For instance, the entire self-driving industry, which I was once part of, did a poor job of setting expectations about when fully autonomous cars would be ready for widespread deployment. This shortcoming led to elevated expectations that the industry failed to meet.
Compared to traditional software that begins with a specification and ends with a deliverable to match, machine learning systems present a variety of unique challenges. These challenges can affect the budget, schedule, and capabilities of a product in unexpected ways.
How can you avoid surprising customers? Here’s a non-exhaustive checklist of ways that a machine learning system might surprise customers who are more familiar with traditional software:
- We don’t know how accurate the system will be in advance.
- We might need a costly initial data collection phase.
- After getting the initial dataset, we might come back and ask for more data or better data.
- Moreover, we might ask for this over and over.
- After we’ve built a prototype that runs accurately in the lab, it might not run as well in production because of data drift or concept drift.
- Even after we’ve built an accurate production system, its performance might get worse over time for no obvious reason. We might need help monitoring the system and, if its performance degrades over time, invest further to fix it.
- A system might exhibit biases that are hard to detect.
- It might be hard to figure out why the system gave a particular output.
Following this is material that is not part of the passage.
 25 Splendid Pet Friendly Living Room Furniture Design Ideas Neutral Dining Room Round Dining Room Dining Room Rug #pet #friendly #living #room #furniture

We didn’t explicitly program it to do that!
- Despite the customer’s generous budget, we probably won’t achieve AGI. 😀
That’s a lot of potential surprises! It’s best to set expectations with customers clearly before starting a project and keep reminding them throughout the process.
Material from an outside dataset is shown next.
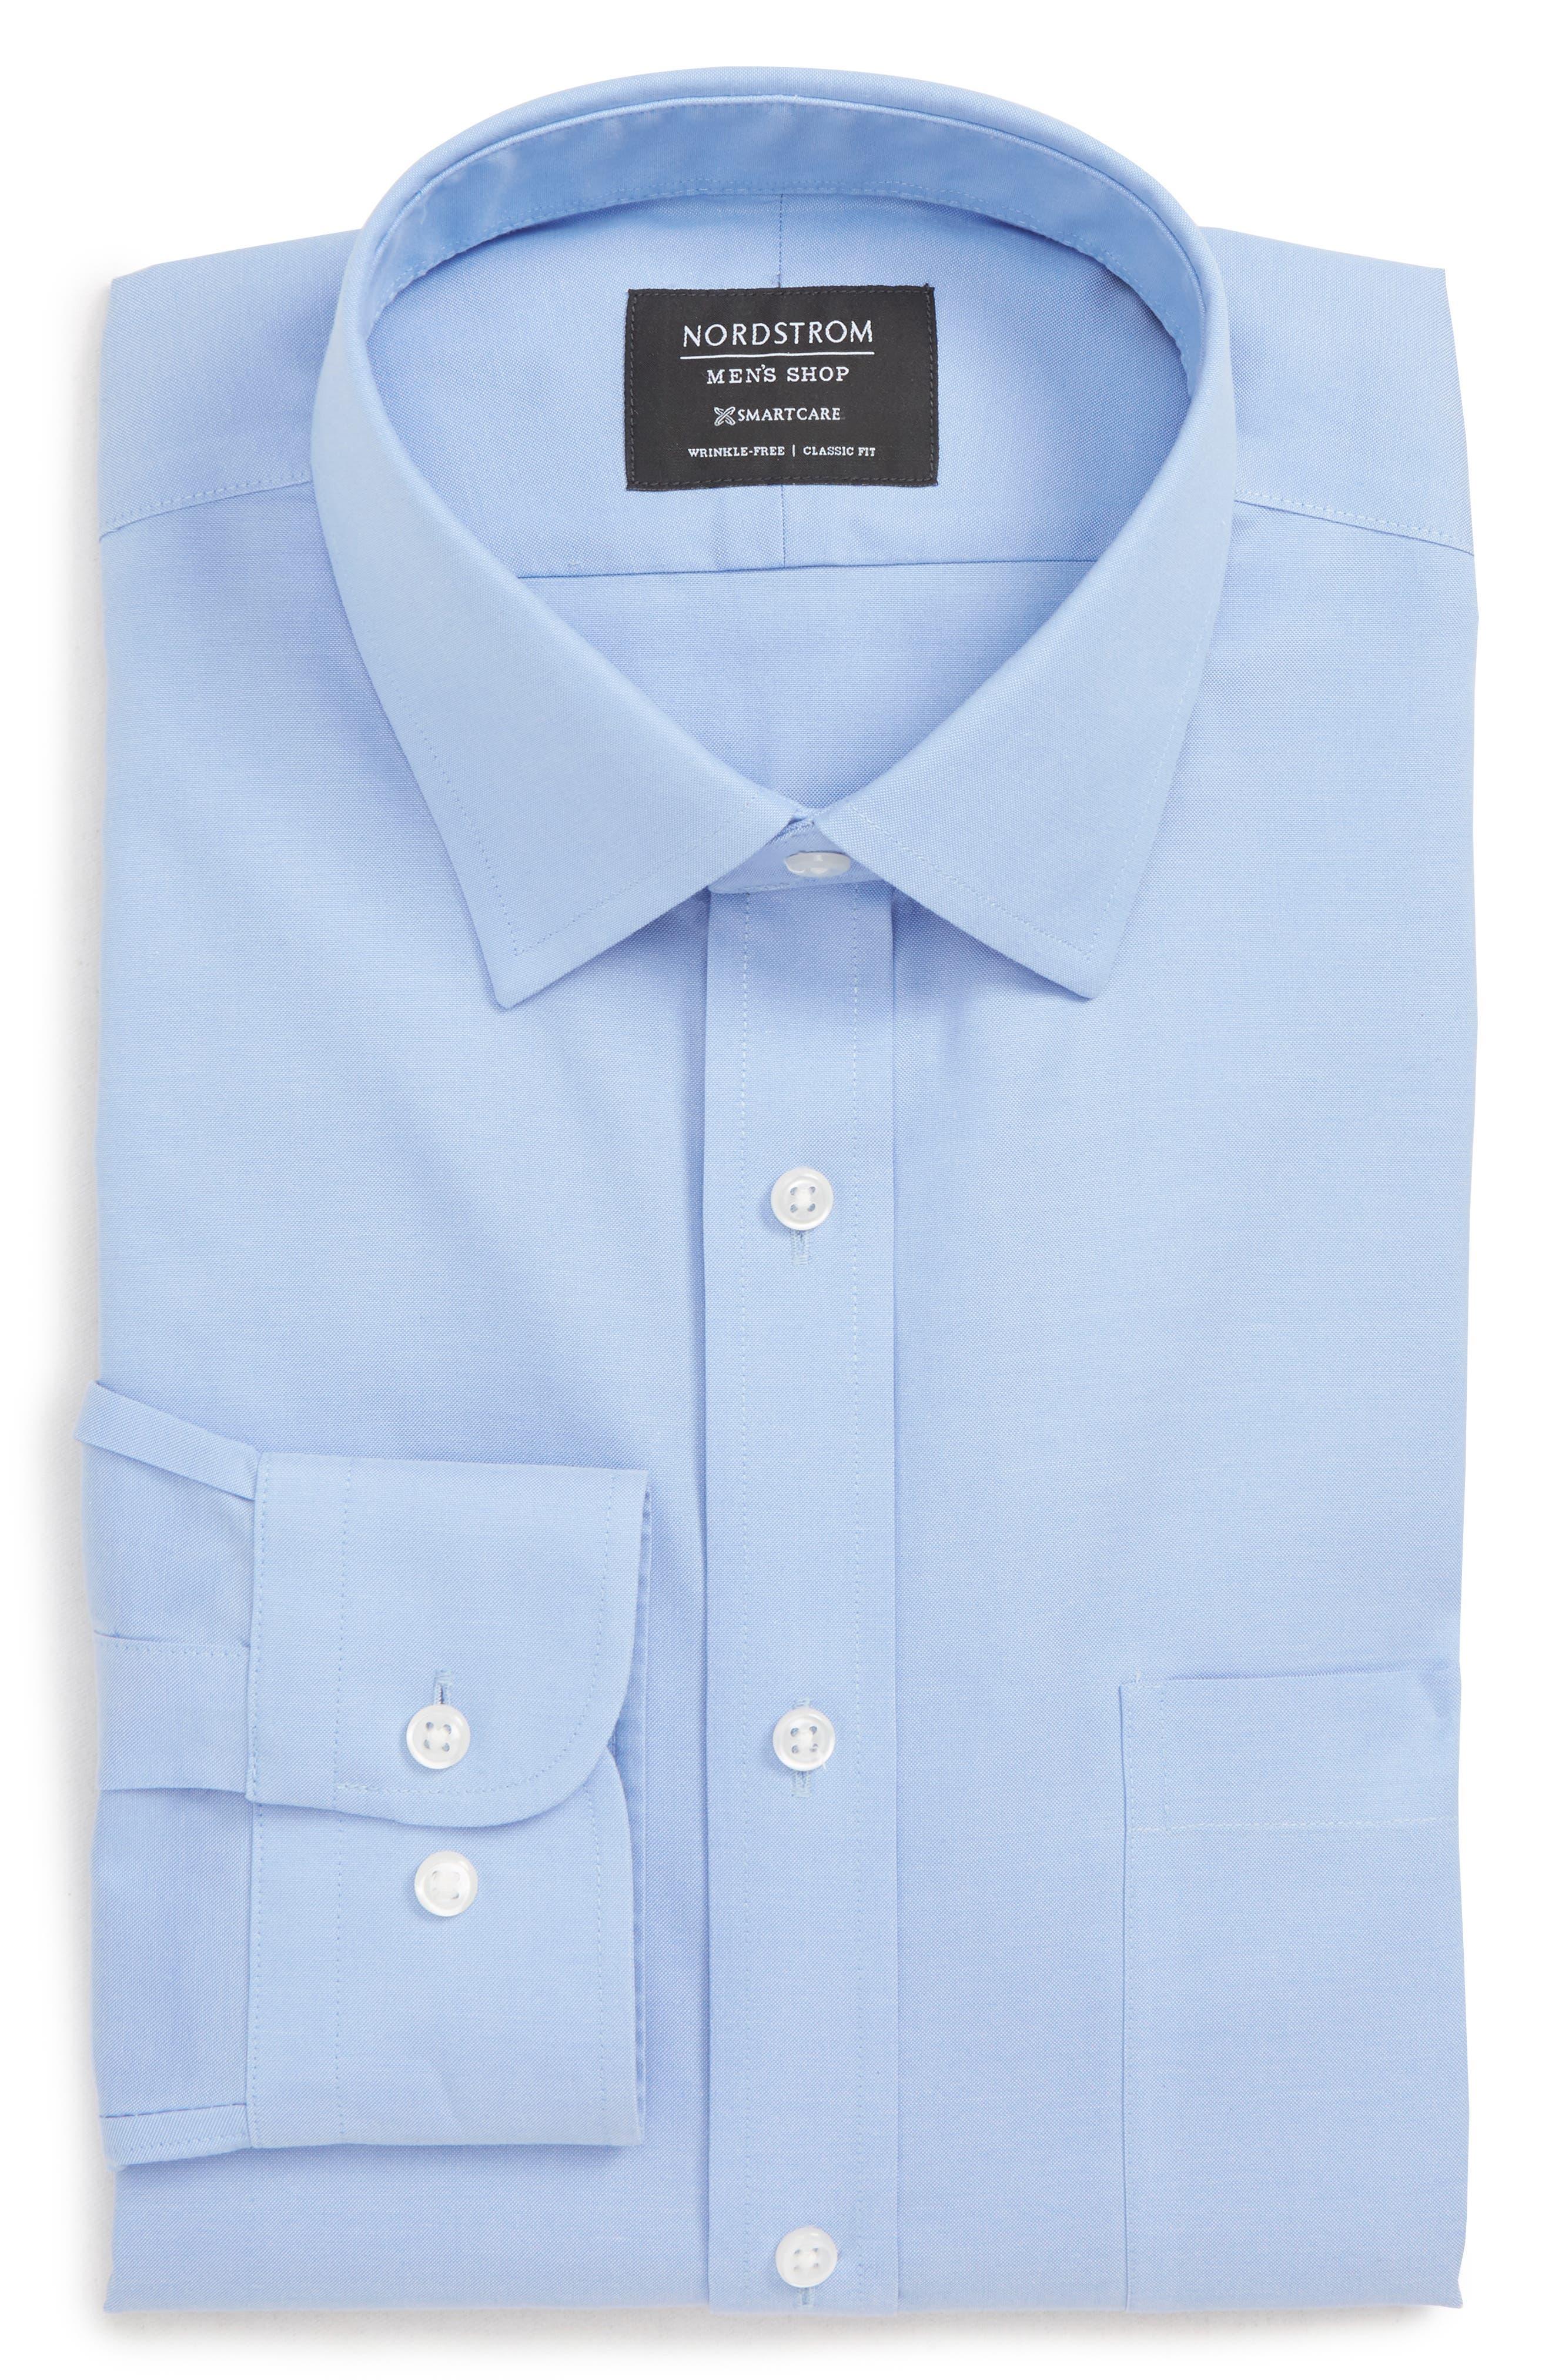 Nordstrom Shop Smartcare(TM) Classic Fit Solid Dress Shirt 32/33 - Blue

As a reader of The Batch, you probably know a fair amount about AI. But AI and machine learning are still very mysterious to most people. Occasionally I speak with executives, even at large companies, whose thinking about AI gravitates more toward artificial general intelligence (AGI) — a system that can learn to perform any mental task that a typical human can — than practical applications in the marketplace today. Entrepreneurs who aspire to build AI systems usually have to work extra hard to convey the significant promise of their solution while avoiding setting elevated expectations that they can’t meet. The fact that we ourselves can incorrectly assess the capabilities of the systems we’re building — which is what happened with self-driving — makes this even harder.
Fortunately, in many application areas, once you’ve acquired one or two happy customers, things get much easier. You can (with permission) show those successes to later customers and, with a couple of successful deployments under your belt, your own sense of what to expect also improves.
The first deployment is always hardest, and each subsequent one gets easier. Keep at it!